A period of experiment resulted in a hallucinatory style which expressed
an infernal imaginary world in livid tones, leaden greys, violet-toned
nocturnes, olive or petrol green. His painting, which ranges from
tragic scenes to ironic self-portraits, begins with a pre-existing
image, transforming its meaning by shifts as subtle as they are unpredictable.
His bodies display a Primitivism which suggests the influence of
Gauguin.
- From "Art 20: The Thames and Hudson Multimedia Dictionary of Modern
Art CD-ROM"
"Clemente invents what he calls "unknown
ideograms, ideograms in costumes," in which "logic and chance as one
force" become effective. It is to that intense experience, hidden in silence,
devoid of words, where feeling and thought can be reconciled, that his pictures
lead us.
"Clemente's questions probe truth, reality
and being. They are a response to findings in modern science, findings that have
been investigated earlier in this century by philosophers such as Heideger and
Wittgenstein, and that, even earlier still, have been posed by the members of
the Romantic movement at the turn of the nineteenth century:
If the spectator could enter into
these images in his approaching them on the fiery chariot of his
contemplative thought, if he could enter into Noah's rainbow or into
his bosom, or could make a friend and companion of one of the images
of wonder, which always entreats him to leave mortal things (as be
must know), then he would arise from his grave then he would meet
the Lord in the air and then he would be happy
- William Blake: Description of a
Vision of the Last Judgement
"Like
the surrealists, to whose work Clemente's bears a superficial similarity,
he makes images that startle the viewer. Unlike the surrealists,
who directed their attention to creating a new visual vocabulary
in order to elucidate traditional meanings, Clemente's images are
pure inventions full of new meanings.
"And whereas the concept
underlying most surrealist art presupposed a certain knowledge of their pictorial
sources, Clemente exploits figurative images for non-narrative purposes. In
this respect, he also departs from his more immediate contemporaries. Clemente's
paintings do not tell a story, nor do they provide a description of a situation.

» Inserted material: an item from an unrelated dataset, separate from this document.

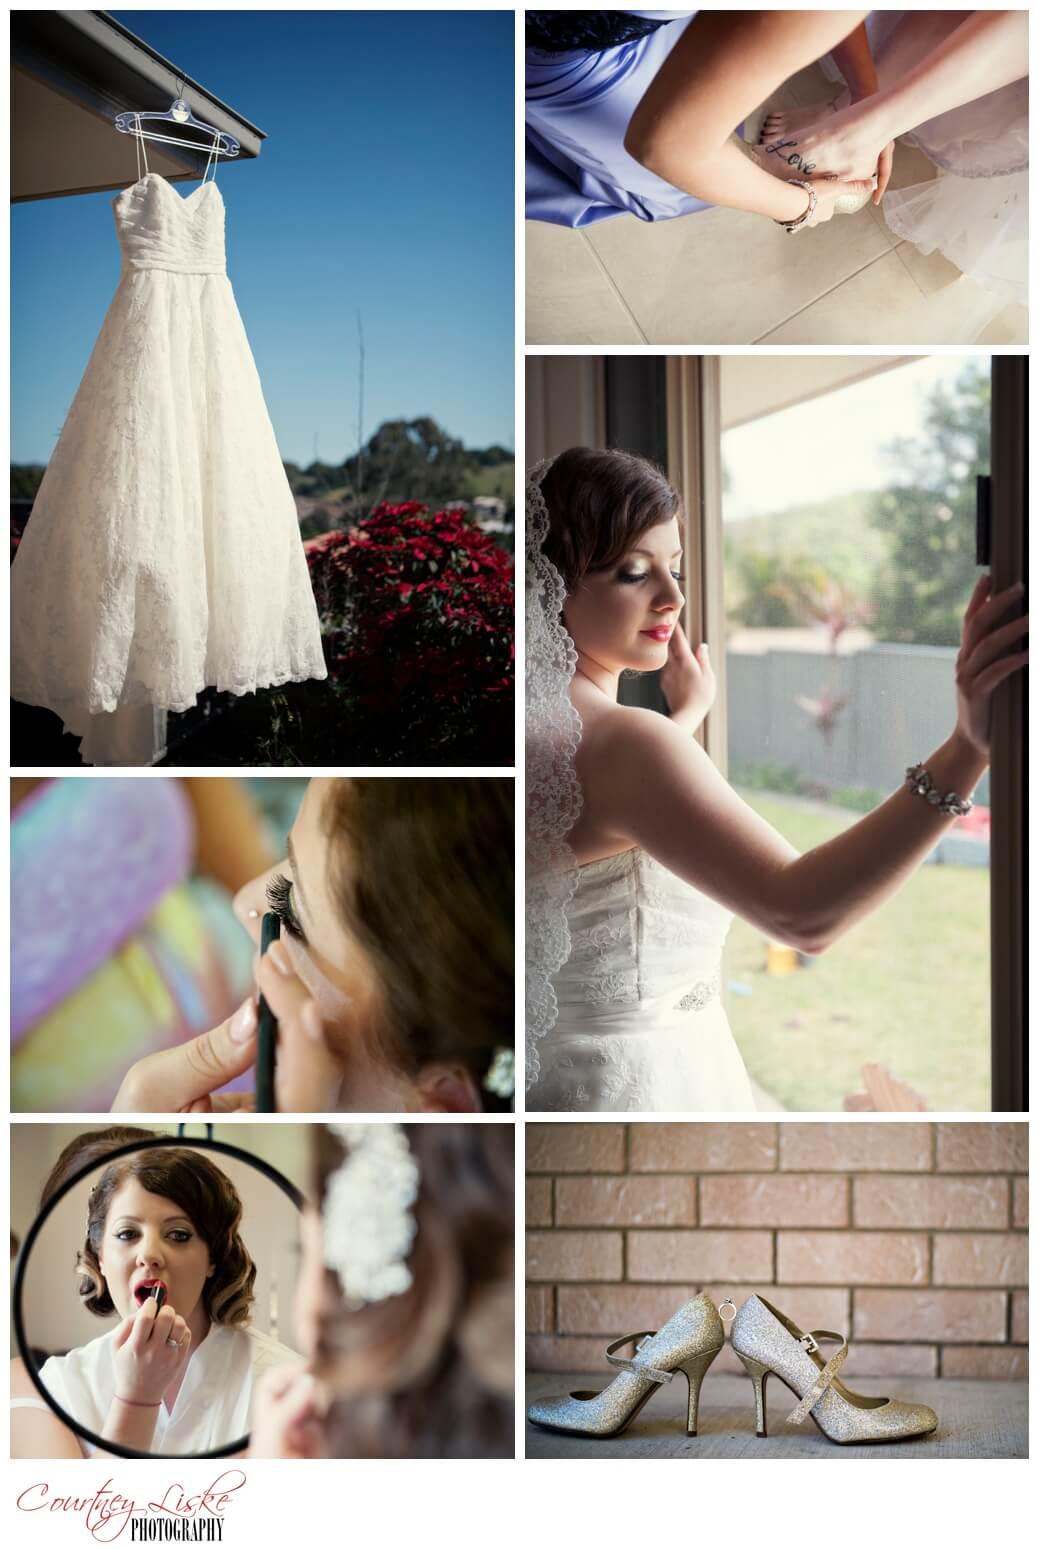 Carlen & Amy - Regina Wedding Photographer - Courtney Liske Photography
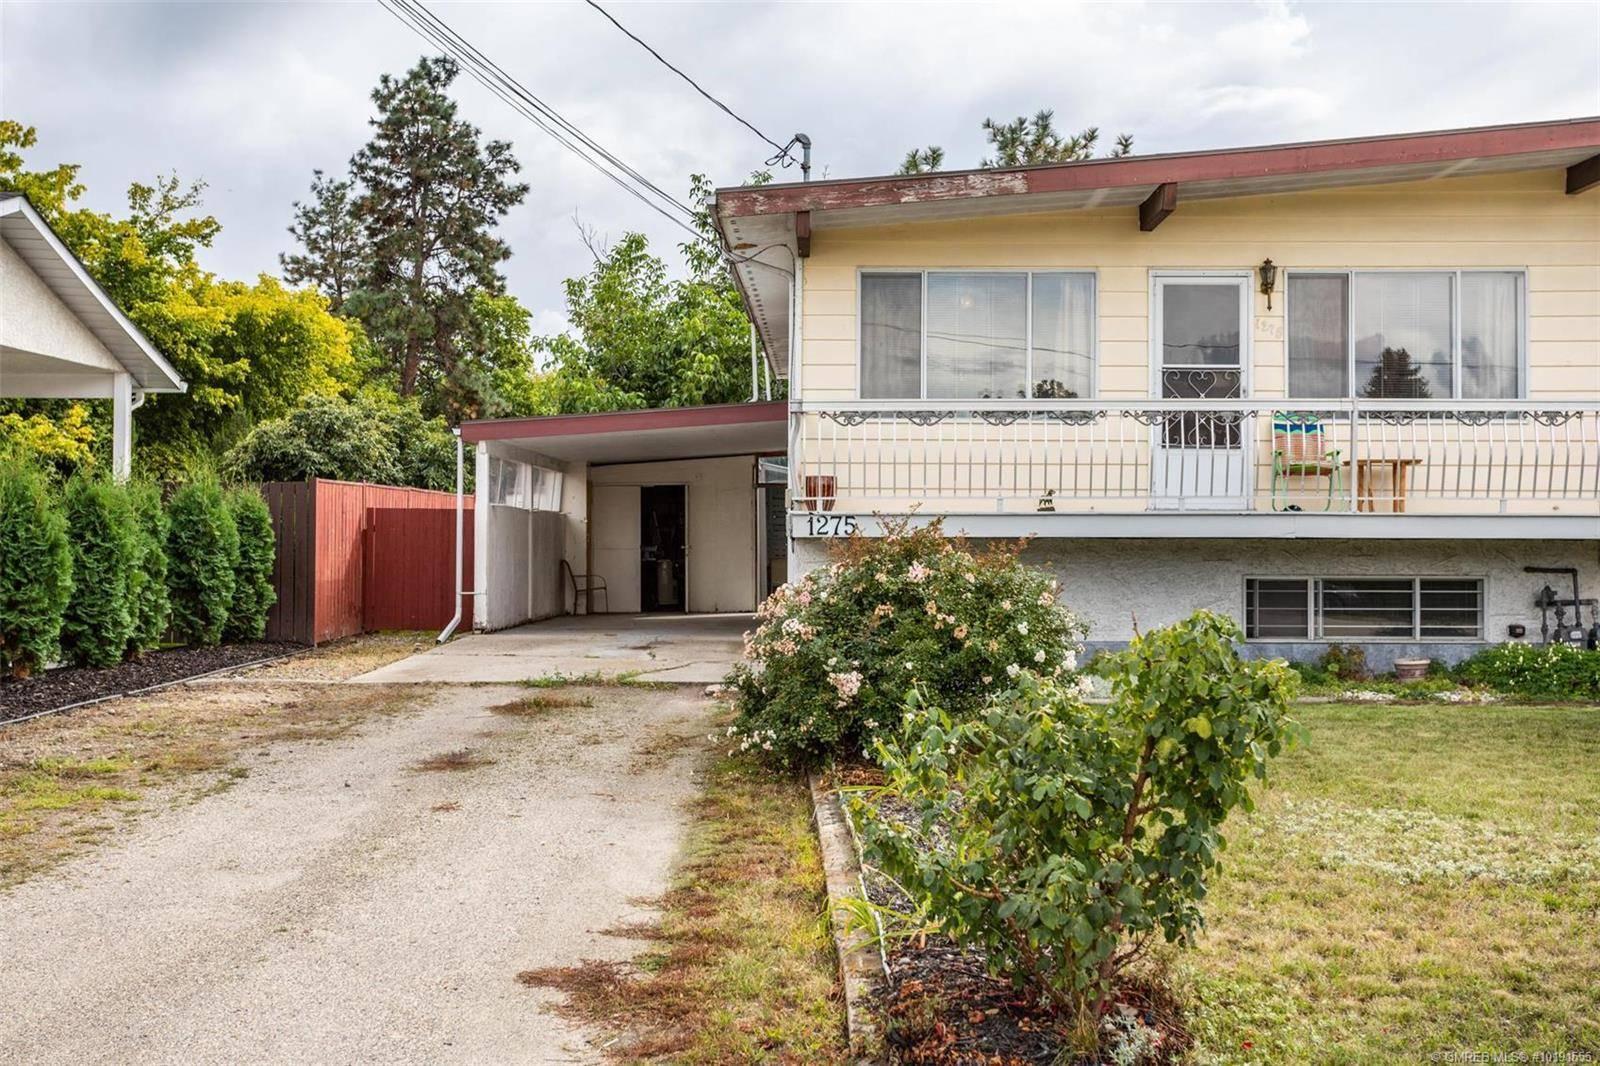 Townhouse for sale at 1275 Graham Rd Kelowna British Columbia - MLS: 10191555

Clemente's imagery attempts to unsettle the observer's conventional assumption
of what reality is supposed to be.
"It is in this sense that Clemente
has something original to contribute: figure-words, as Novalis would call it,
pictorial discoveries from a pre-conscious, pre-linguistic world, releasing
associations in the observer through the power of their expressiveness. This
pictorial means is one we are most familiar with through fairy tales, myths
and dreams - meanings of possible, conceivable worlds. His pictures question
a reality that only exists by approximation, and whose existence we intimate
through the power of our own desires."
- From Rainer Crone, "Clemente"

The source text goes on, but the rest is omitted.